国・地方共通相談チャットボット「Govbot(ガボット)」をリリースしました♪暮らしに身近なテーマの質問に、がぼたんが頑張って答えます!困ったときの相談窓口も探せるので、次のURLをクリックして下さい。 #Govbot #がぼたんhttps://t.co/DORX5a5Yh8 pic.twitter.com/35DpouQL6V
— 総務省 (@MIC_JAPAN) March 26, 2024
デジタル庁が発注し、日本電気が2ヶ月かけて作ったチャットボットのようでかかった費用は、なんと8525万円🤯。
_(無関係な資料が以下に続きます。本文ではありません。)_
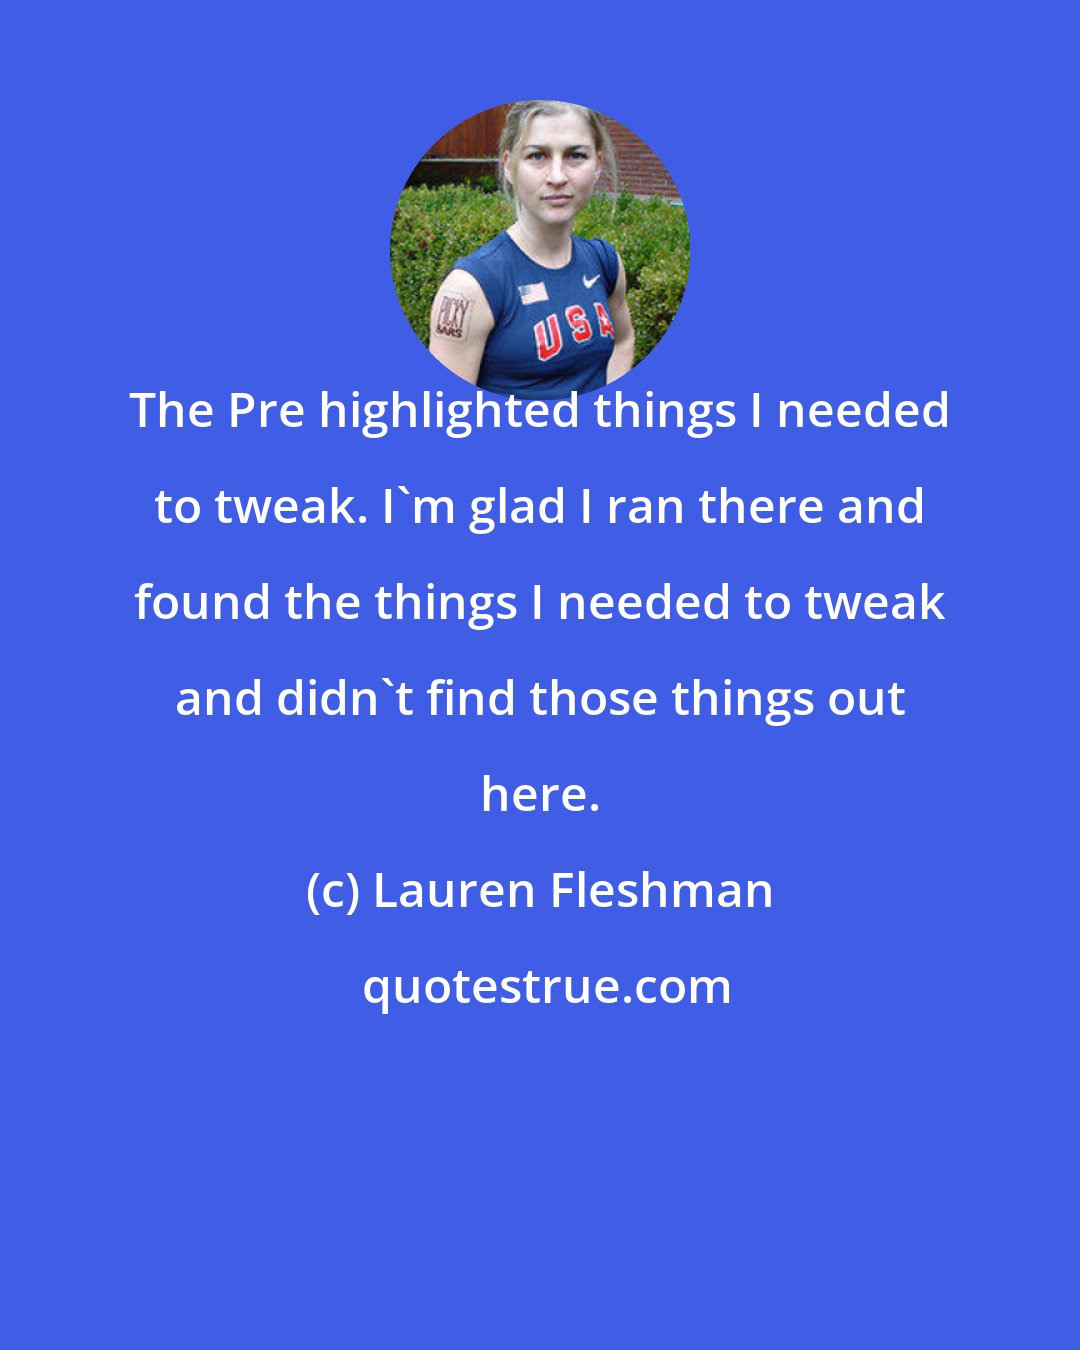 Lauren Fleshman: The Pre highlighted things I needed to tweak. I'm glad I ran there and found the things I needed to tweak and didn't find those things out here.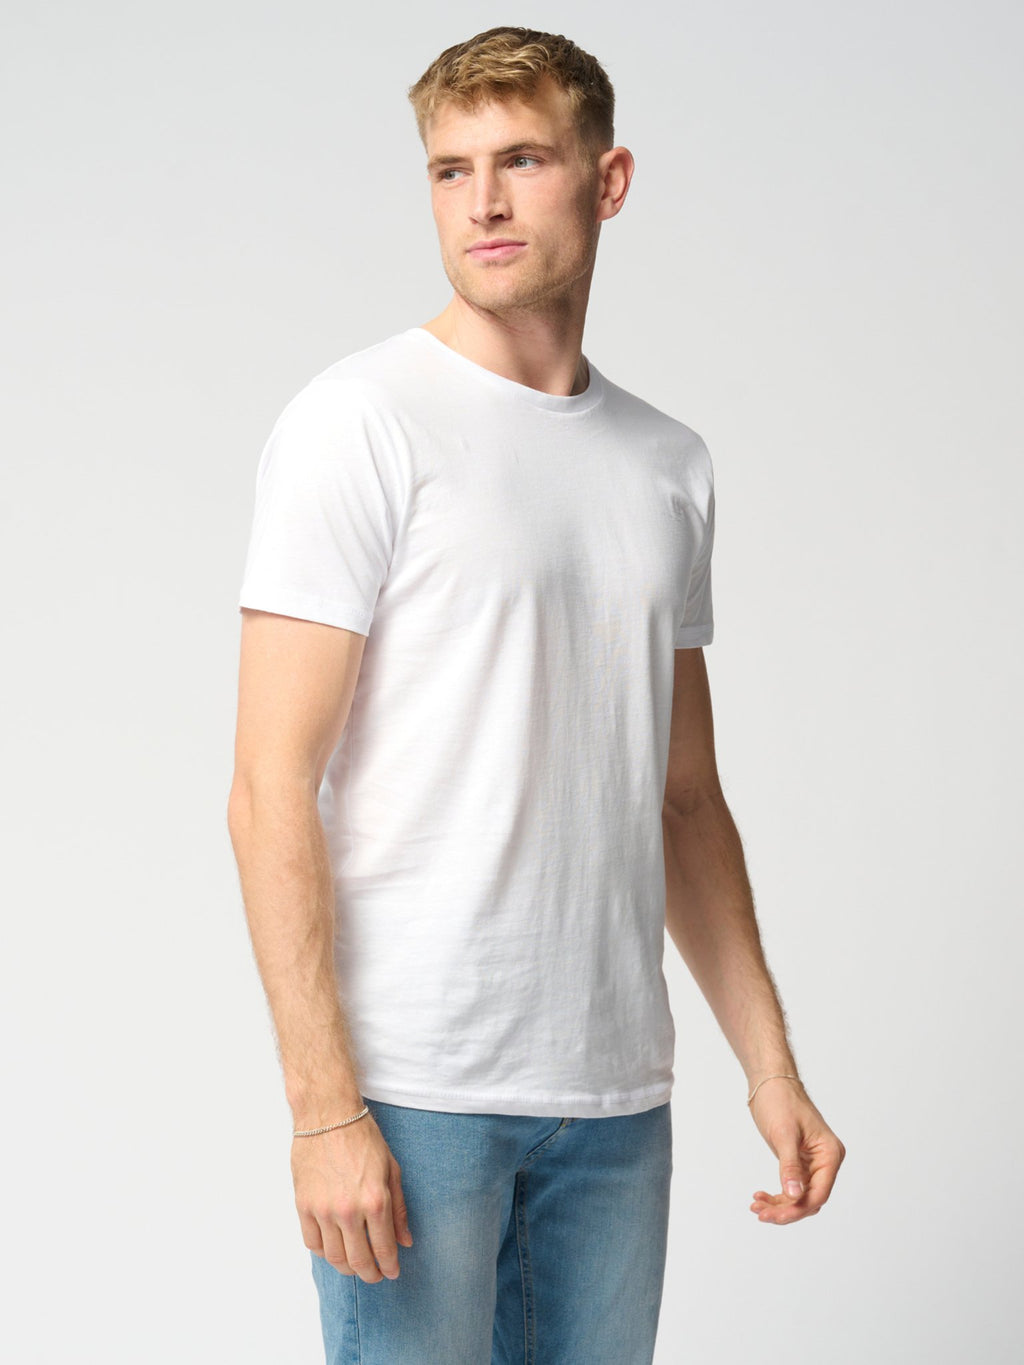 T-shirt musculaire - blanc

GovBotの開発に8525万かかったと聞いて調べたら本当だった🤯!しかも、調達機関はデジタル庁で開発業者は日本電気。デジタル庁ってITに特化した専門組織だと思ってたけど、そうでもない気がしてきた。他の自治体や政府機関の見本となるシステムが開発できる人材をデジタル庁内部で育てるべきだと思う。 https://t.co/a4DH1PrsLN pic.twitter.com/Y0jLKwUU0b
— sangmin.eth @ChoimiraiSchool (@gijigae) March 29, 2024
しかしながら、蓋を開けてみるとガボットからの返答はあまりにもひどすぎると評判。
GovBot(ガボット、https://t.co/nZ8sfz8jFc)を試してみたけどこれは酷い🤔。ホームスクーリングについて教えて、と聞いた時の回答がこちら↓。うまく実装すればAIの能力を拡張できるRAGだけど、間違うとAIの普及率を下げる結果となる。政府関連のチャットボットはオープンソースとして開発すべき🤖! https://t.co/tnGcstOVGK pic.twitter.com/8XJlrrdQqd
— sangmin.eth @ChoimiraiSchool (@gijigae) March 28, 2024
そこで、オープンソースのDifyを使ってガボットと似たようなチャットボット(ハルキ)を作ってみました。
Difyで作ったチャットボットの名は、ハルキ
1 Dify vs Govbot
ハルキを作るのにかかった時間はわずか3時間。チャットボットはこちらのリンクからアクセスできます。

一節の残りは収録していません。